非常感谢，@Ajax1234。当我们遇到以下情况时，您的代码有异常：[[0.036, 0.937, 0.032, 2.985, 0.0, 0.044, 0.033, 0.539, 0.01, 0.009, 0.628, 0.706], ['At', 'Colchester', ':', 'Gloucestershire', '280', '(', 'J.', 'Russell', '63', ',', 'A.', 'Symonds'], ['O', 'S-LOC', 'O', 'S-ORG', 'O', 'O', 'B-PER', 'E-PER', 'O', 'O', 'B-PER', 'E-PER']]

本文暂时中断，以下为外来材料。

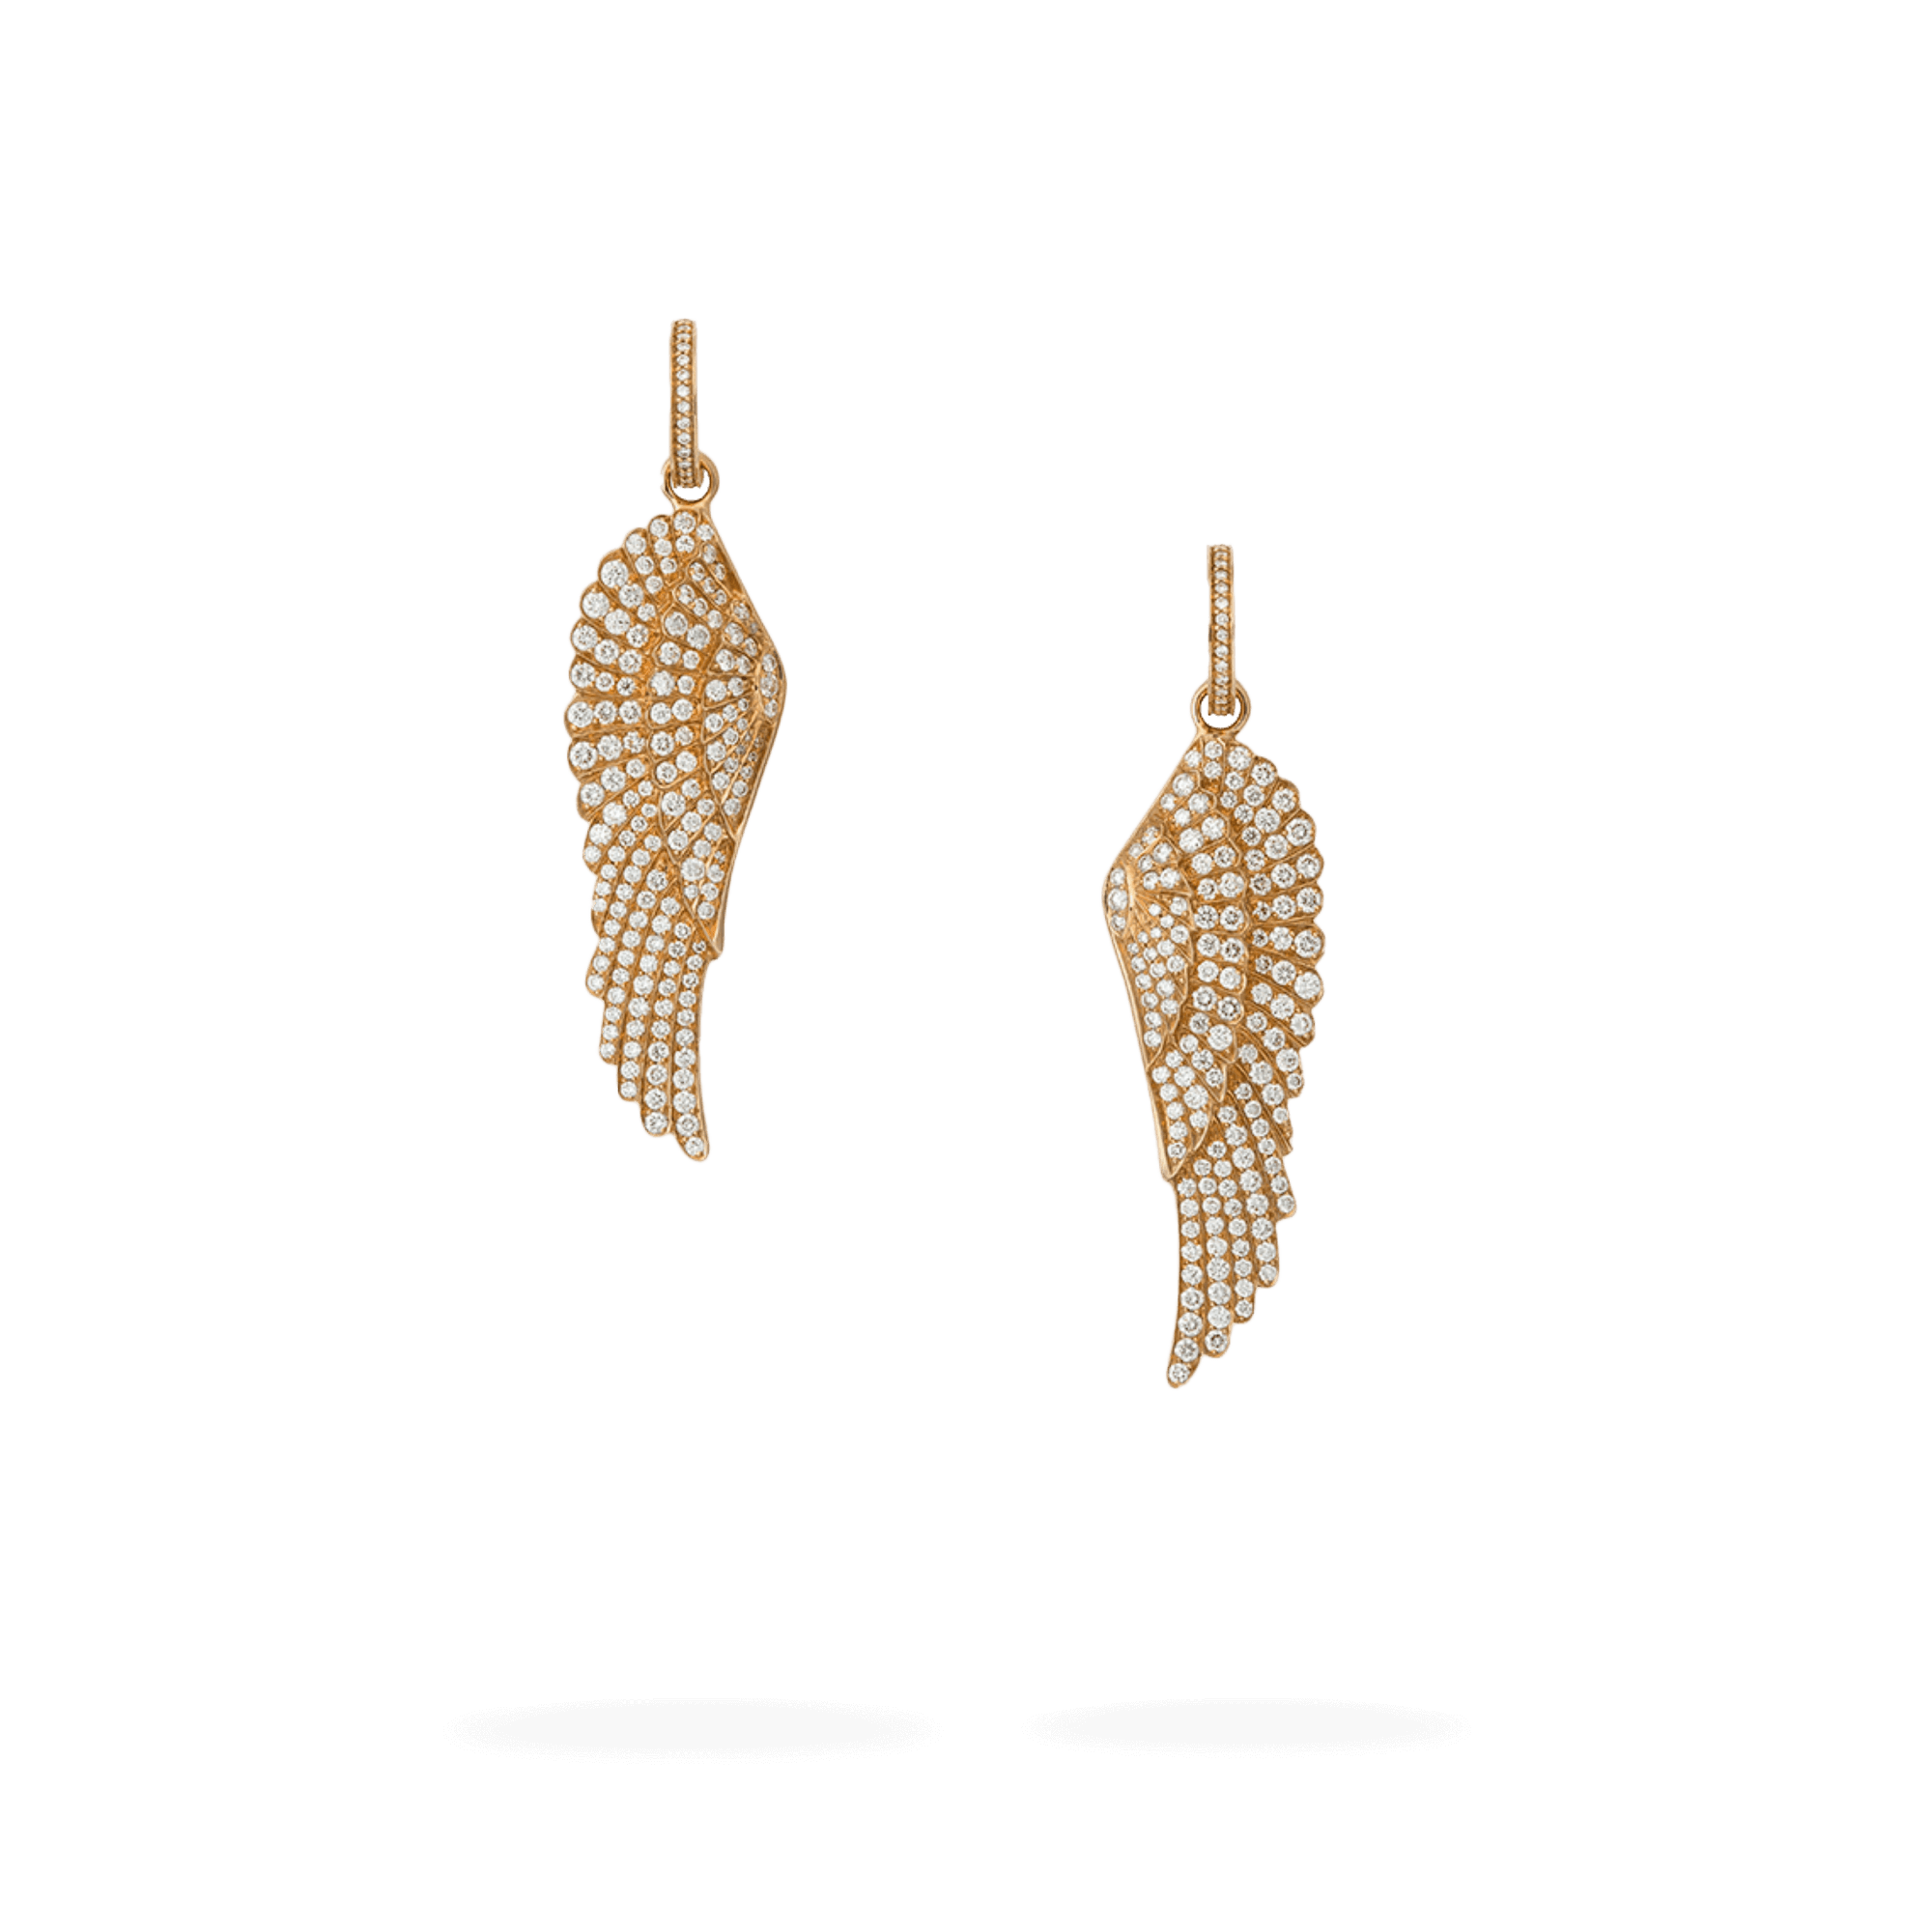 Garrard Wings Classic jewellery collection Hoop and Drop Diamond Earrings In 18ct Yellow Gold 2013183

@Joe 在你的原始数据中，[18.44, [0.195, 0.1, 0.0, 3.561, 3.793, 6.741, 4.0, 0.05]] 不应该真的是[18.44, 0.195, 0.1, 0.0, 3.561, 3.793, 6.741, 4.0, 0.05]吗？在您最近的数据中，即使存在 S- 类型值，您的浮点值也没有这种嵌套格式。
谢谢。您的代码在"token_loss":(t:=[a[j] for j in i]) 中仍然有一个回溯IndexError: list index out of range，情况类似于我上面评论中的情况。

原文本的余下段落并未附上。